Üstad, bir kısım ciddi talebelerinin şüheda hayatına mazhar olabileceğini söylüyor. Ama bunlara berzahta sual soruluyor. Halbuki şehitlere kabir suali olmaz deniliyor?
Değerli Kardeşimiz;
"Kalemle Nurlara hizmet ve sadakatle talebesi olmanın iki mühim neticesi vardır: Âyât-ı Kur'âniyenin işaretiyle, imanla kabre girmektir. Bütün şakirtlerin mânevî kazançlarına, Nur dairesindeki şirket-i mâneviye sırrıyla, umum onların hasenatlarına hissedar olmaktır."
"Hem bu talebesizlik zamanında, melâikelerin hürmetine mazhar olan (haşiye) talebe-i ulûm-u diniye sınıfına dahil olup âlem-i berzahta -tâlihi varsa, tam muvaffak olmuşsa- Hâfız Ali ve Meyve'de bahsi geçen meşhur talebe gibi; şühedâ hayatına mazhar olmaktır."
"Haşiye: Bazı ehl-i keşfin kat'î müşahedesiyle sabittir."(1)

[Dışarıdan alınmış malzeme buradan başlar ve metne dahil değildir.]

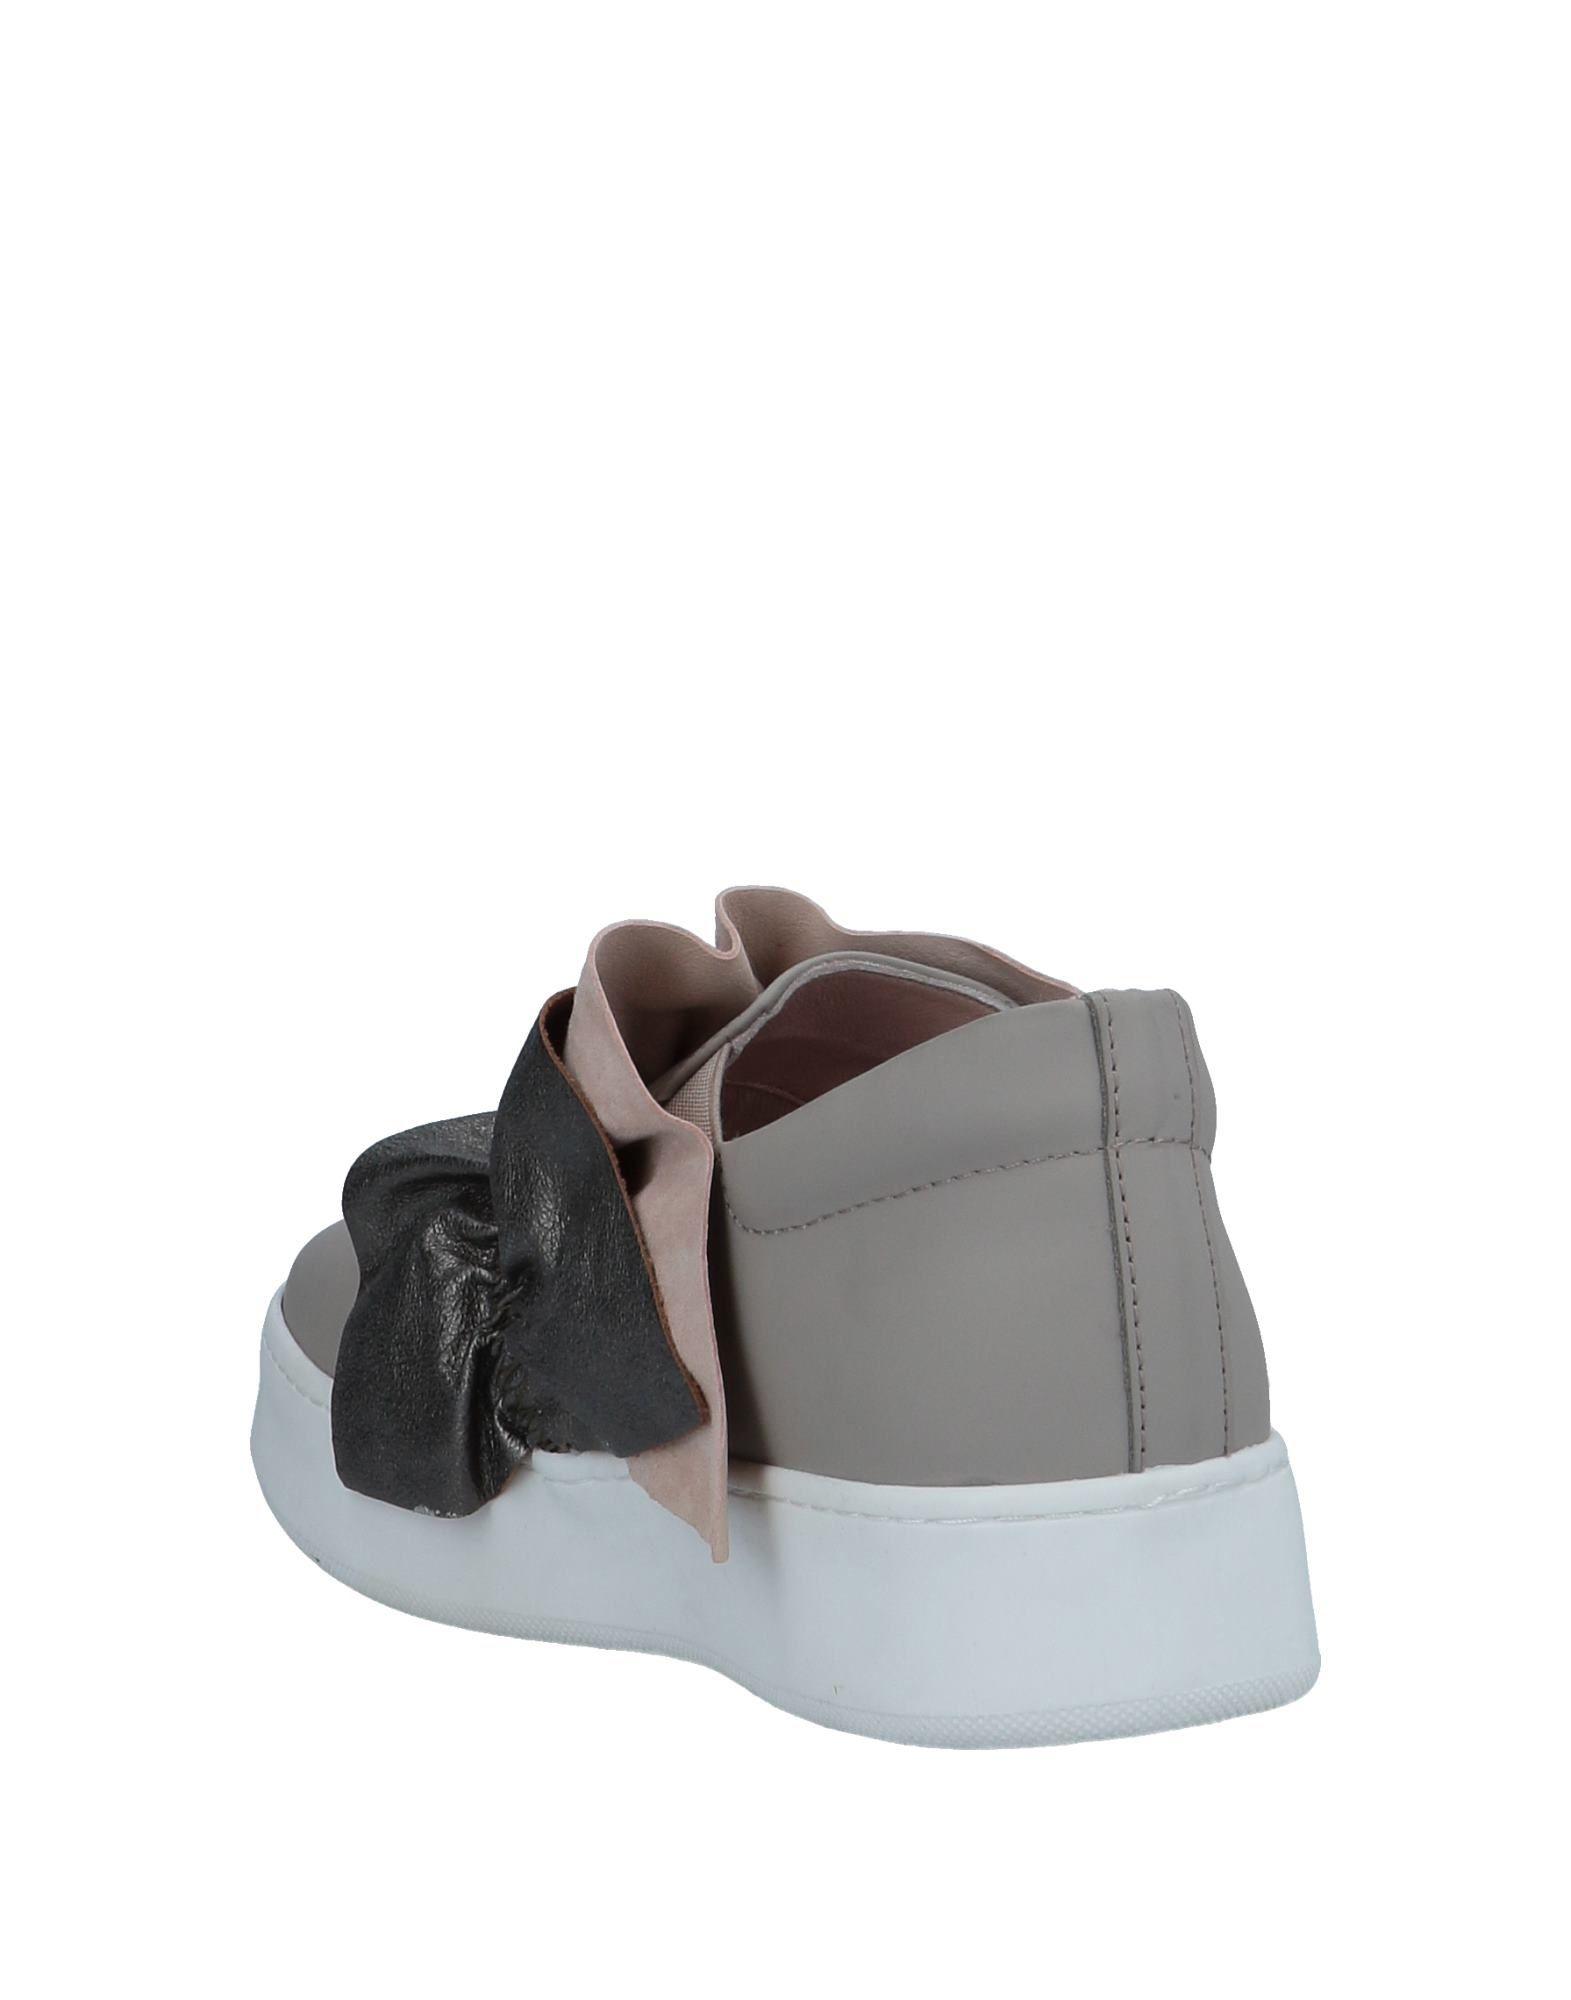 Pixy Pixy Pixy Sneakers Damen  11574143SX Gute Qualität beliebte Schuhe a5654e

Şehitlik hayatına mazhar olmak her noktada şehid gibi olmayı iktiza etmiyor. Yani bazı has talebeler kabirde şehidin makamı gibi yaşayabilir. Ama bu tam manasıyla onun şehid olduğu demek değildir. Bu yüzden, has talebelerin kabir sualine tabi olmaları ile şehid makamında yaşamaları arasında bir zıtlık yoktur. Yani "şehid olmak" ile "şehid hayatına mazhar olmak" iki farklı durumdur, iltibas edilmemeli.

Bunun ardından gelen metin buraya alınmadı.